Trąbki wyły bez ustanku płaczliwe i wylękłe.
*
Nazajutrz rano Paryż obudził się w przerażeniu nad mokrą płachtą porannego dziennika. Na pierwszej stronie, wielkimi czarnymi czcionkami, widniał przejmujący mrozem napis: „DŻUMA W PARYŻU!”.
Wiadomości były zatrważające. W nocy z 14 na 15 lipca zanotowano osiem tysięcy wypadków dżumy, wszystkie prawie bez wyjątku śmiertelne.
Dzień wstał blady z wycieńczenia, suchy i upalny. Od rana na ulice wyległy rozgorączkowane tłumy, wyrywające sobie z rąk świeże strzępy nadzwyczajnych dodatków. Głuche, przejmujące trąbki sanitarnych aut rozbrzmiewały bez przerwy, równocześnie po wszystkich zakątkach miasta. Zasłabnięcia na ulicach zaczęły zdarzać się dziesiątkami.
Z zapadnięciem wieczora na górnym Montmartrze i Montparnassie próbowano mimo wszystko tańczyć. Tańczących jednak było niewielu.
Właściciele kawiarń, nie chcąc pogodzić się ze stratą tradycyjnego świątecznego zysku, zdołali pokompletować naprędce nowe orkiestry, i na skoczne dźwięki charlestona ze zmierzchających ulic runęły, zalewając opustoszałe tarasy, podniecone tłumy przechodniów. Muzykanci, szalejący przed „Rotondą”, wydmuchiwali z saksofonów ostatnie ochłapy płuc, na próżno starając się zagłuszyć ponury jazz-band sanitarnych karetek.
Ciasny prostokąt pomiędzy „Rotondą”, „Dômem” i „La Coupole” zaludnił się w mgnieniu oka mrowiem tańczących par.
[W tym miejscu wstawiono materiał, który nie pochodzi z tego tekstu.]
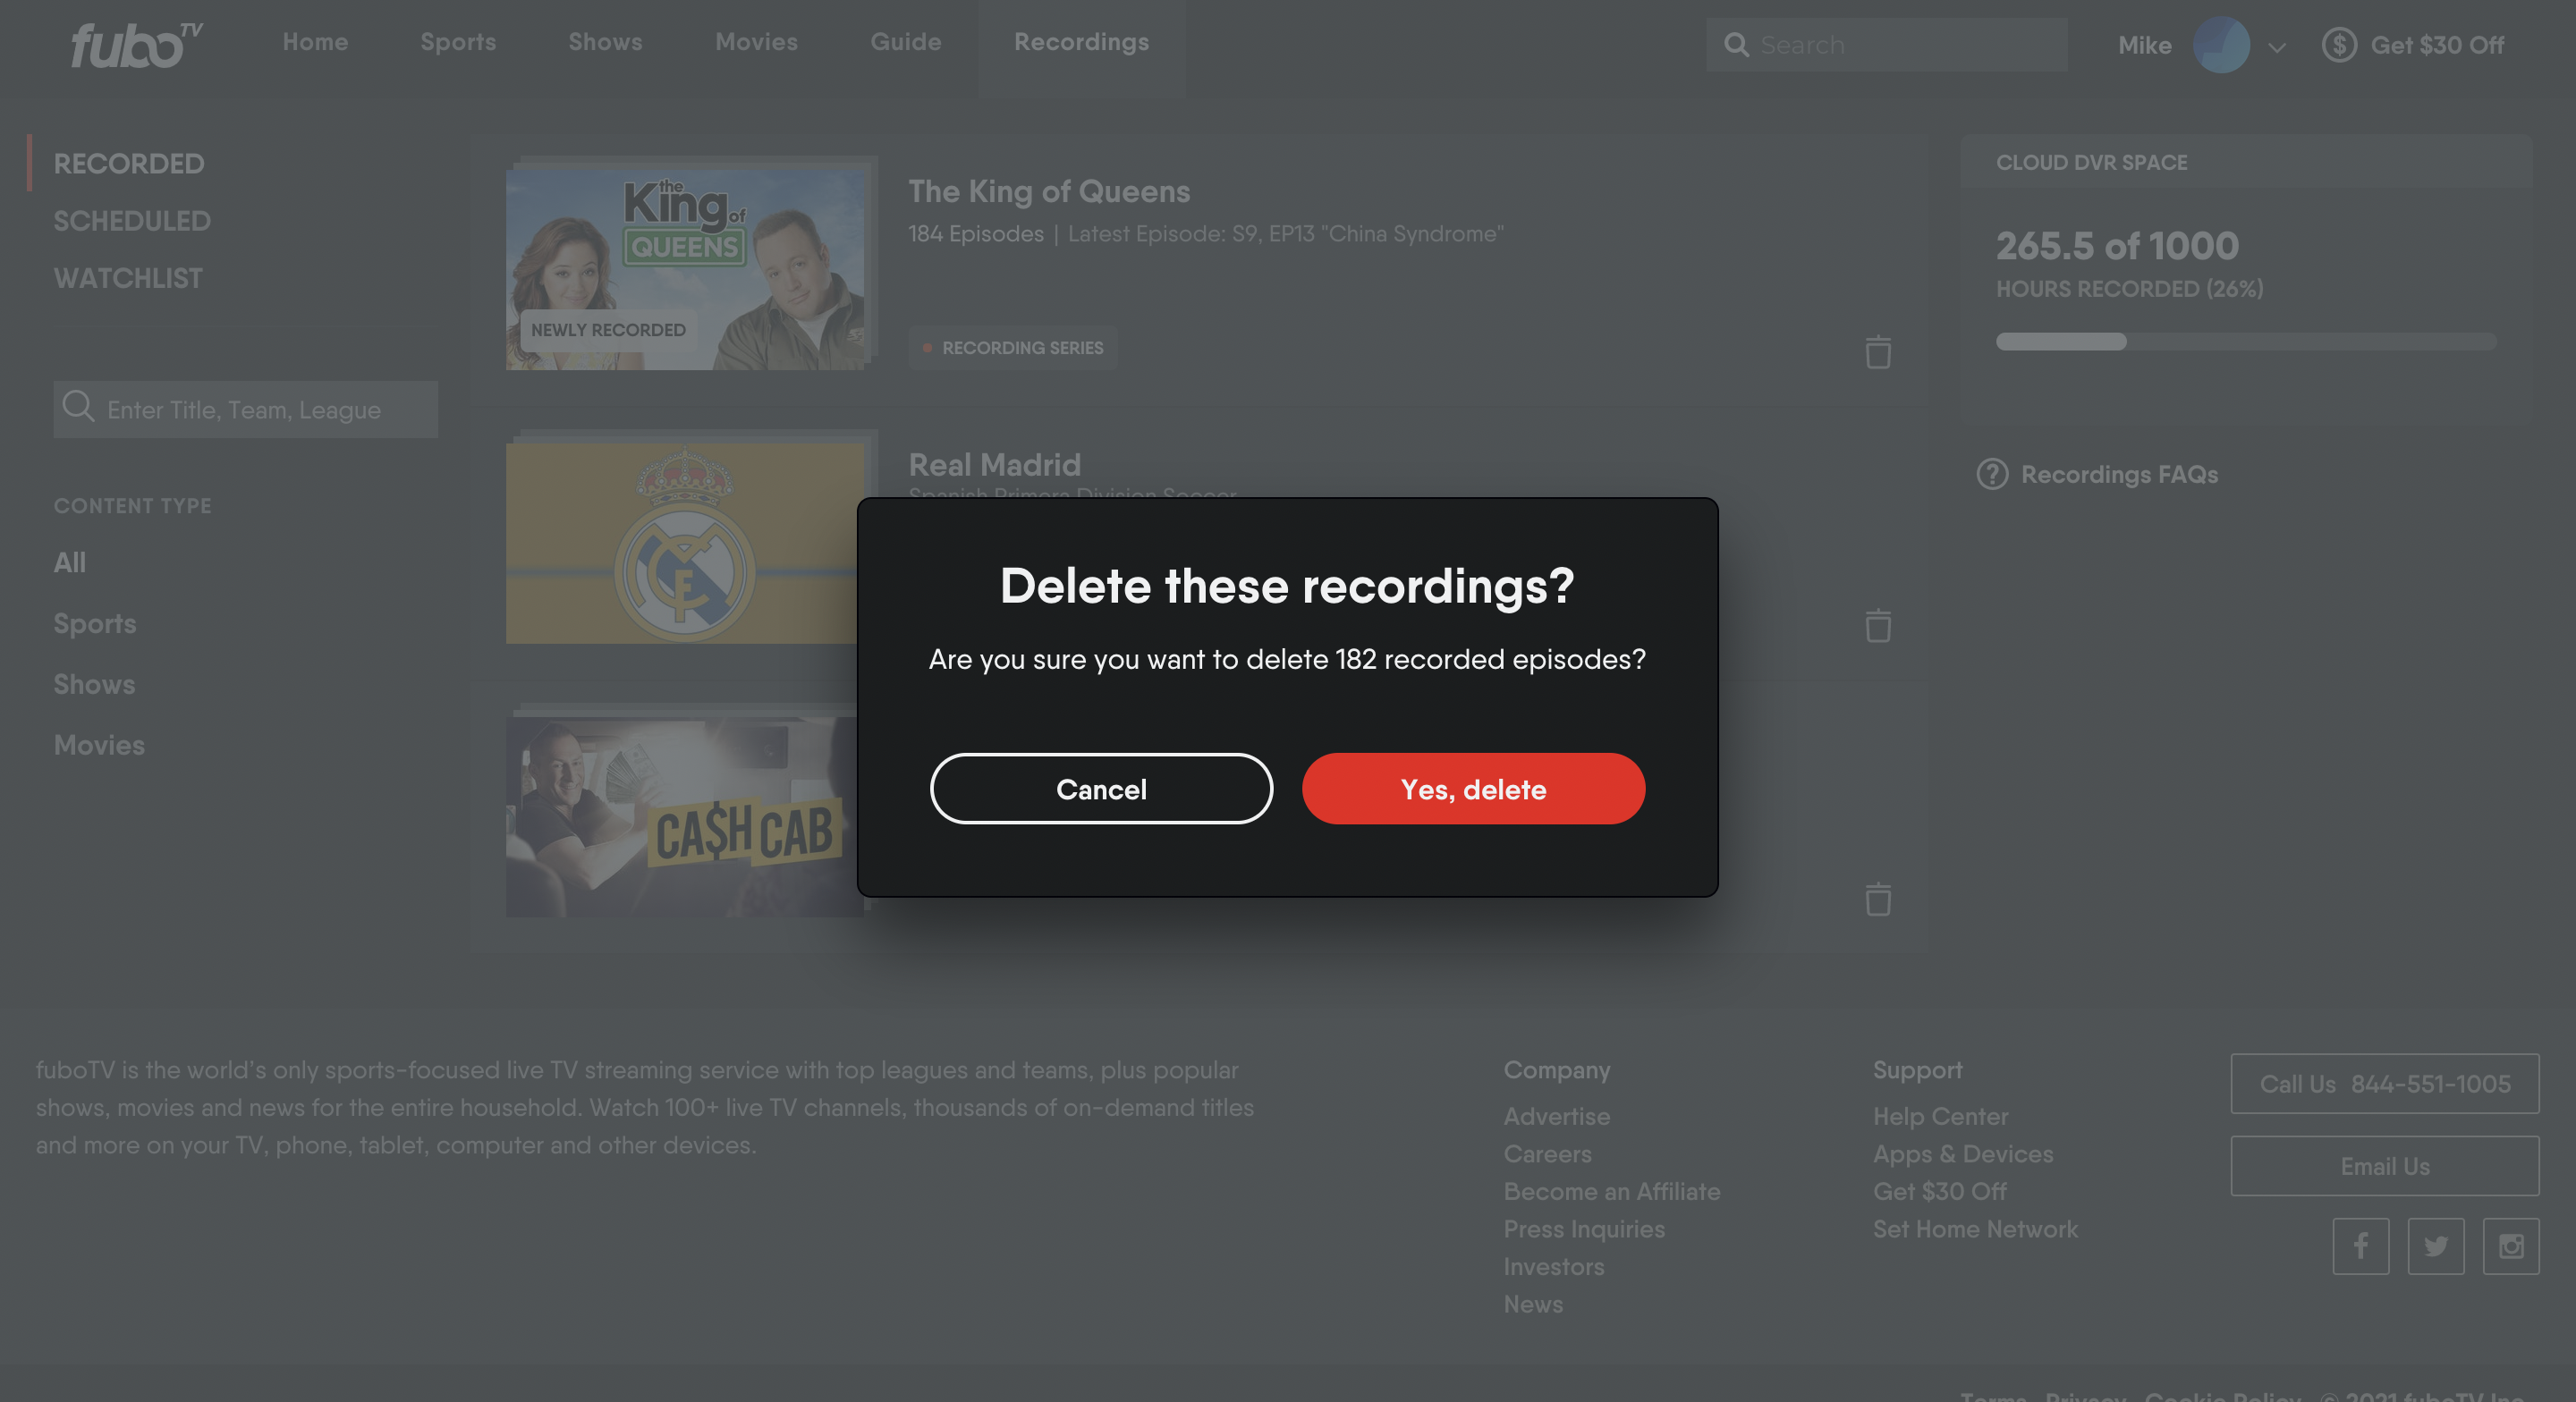 Recording deletion confirmation screen of the FuboTV app on a web browser with Yes, delete highlighted

Popłoch wybuchnął niespodzianie i stosunkowo dość późno. Zaczęło się jak wszędzie. W trakcie tańca jedna z dziewcząt runęła nagle na ziemię, pociągając za sobą dansera. W pierwszej chwili nikt tego nie zauważył. Pary, unieruchomione w ścisku, nie przestały falować do taktu muzyki. O leżącą parę potknęła się inna. Po upływie minuty w środku kwadratu kłębił się już kopiec obalonych ciał. Powstało zamieszanie. Muzyka urwała. Tłum chlusnął na chodniki. Poprzewracani tancerze zrywali się na nogi, uciekając w ślad za innymi. Środek kwadratu opustoszał.
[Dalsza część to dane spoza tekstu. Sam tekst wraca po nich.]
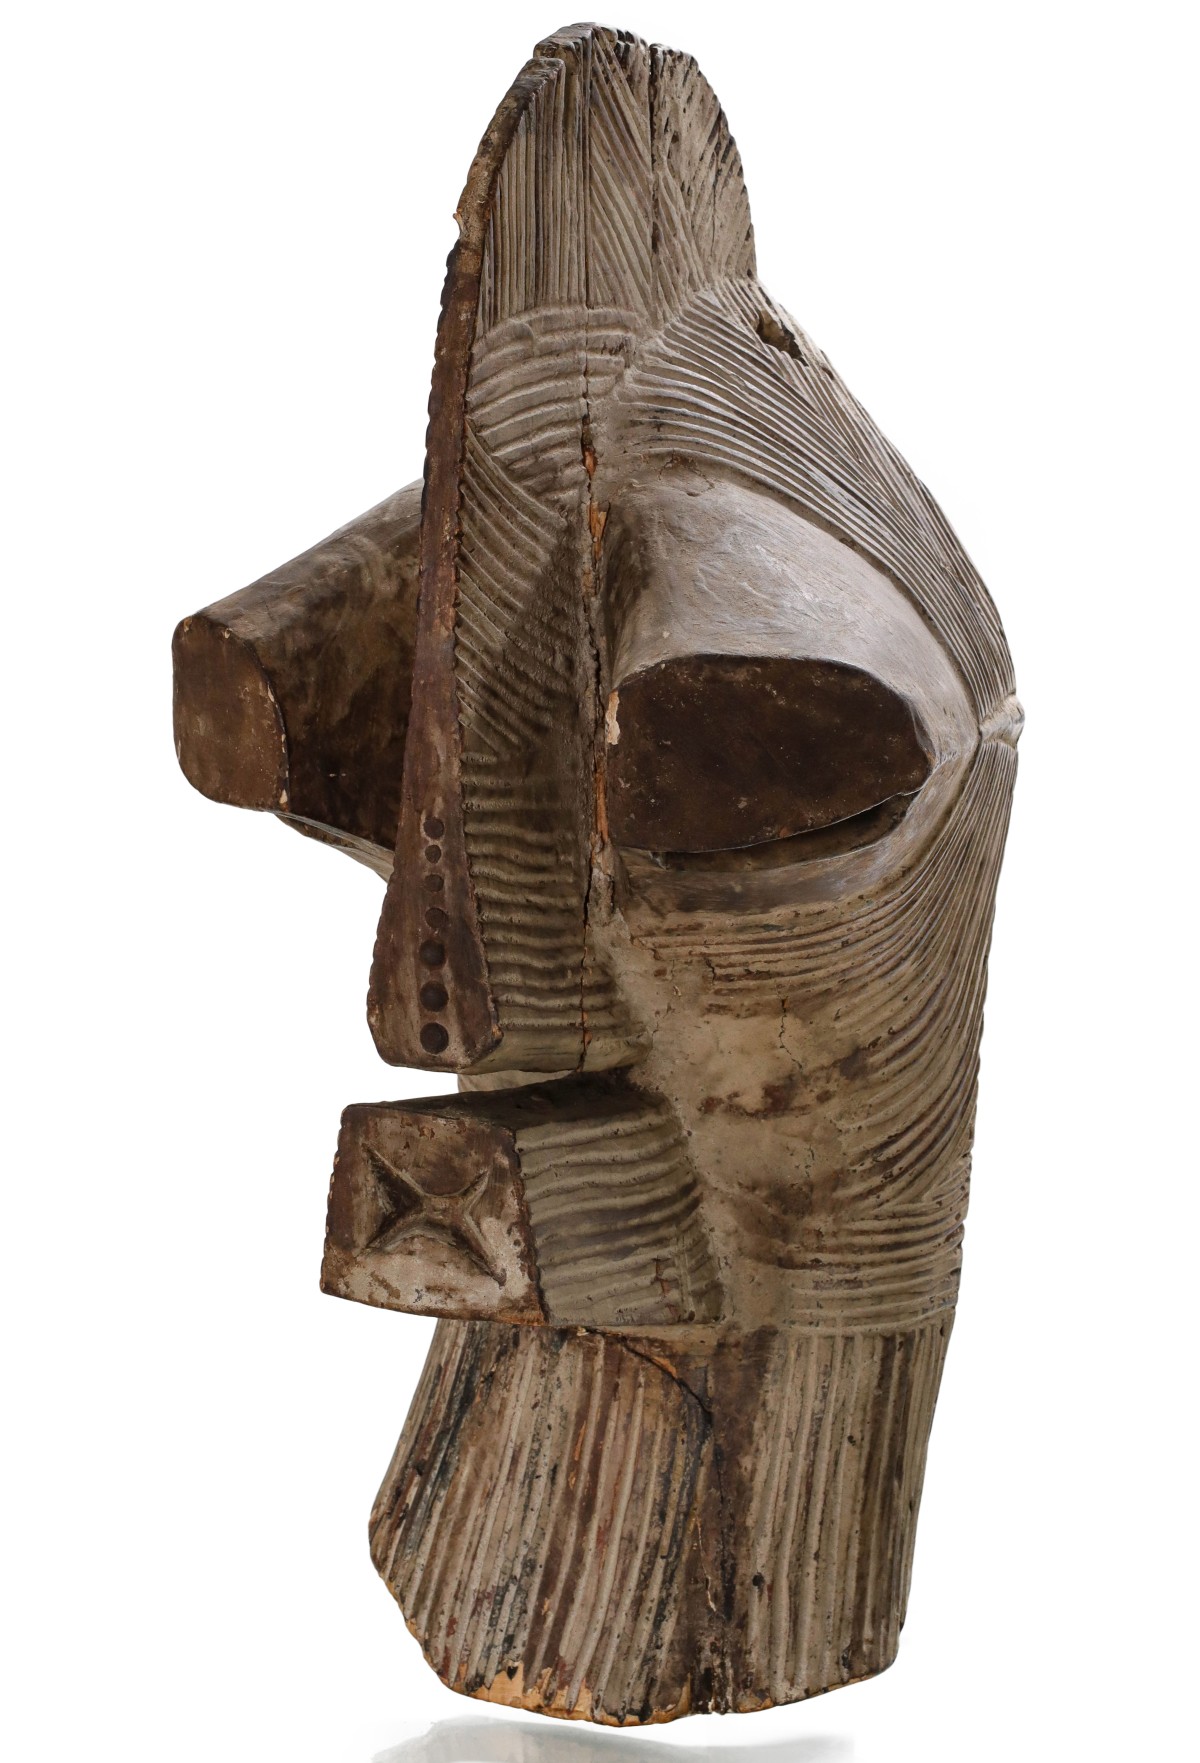 A CARVED STRIATED AFRICAN MASK ATTR SONGYE PEOPLES

Na asfalcie pozostała jedynie wątła dziewczyna, wijąca się w niepojętych zygzakach bólu. Krótka plisowana spódniczka podwinęła się do góry, odsłaniając drobne, prawie dziecinne kolana w naszyjnikach zbytkownych podwiązek i nieśmiałą biel chłopięcych ud, wychylających się, niby prężne, rozjątrzone węże, z gęstwiny kremowych koronek. Ostre lakierowane pyszczki pantofelków drgały ustawicznie.
Tancerze w popłochu cisnęli się do ścian.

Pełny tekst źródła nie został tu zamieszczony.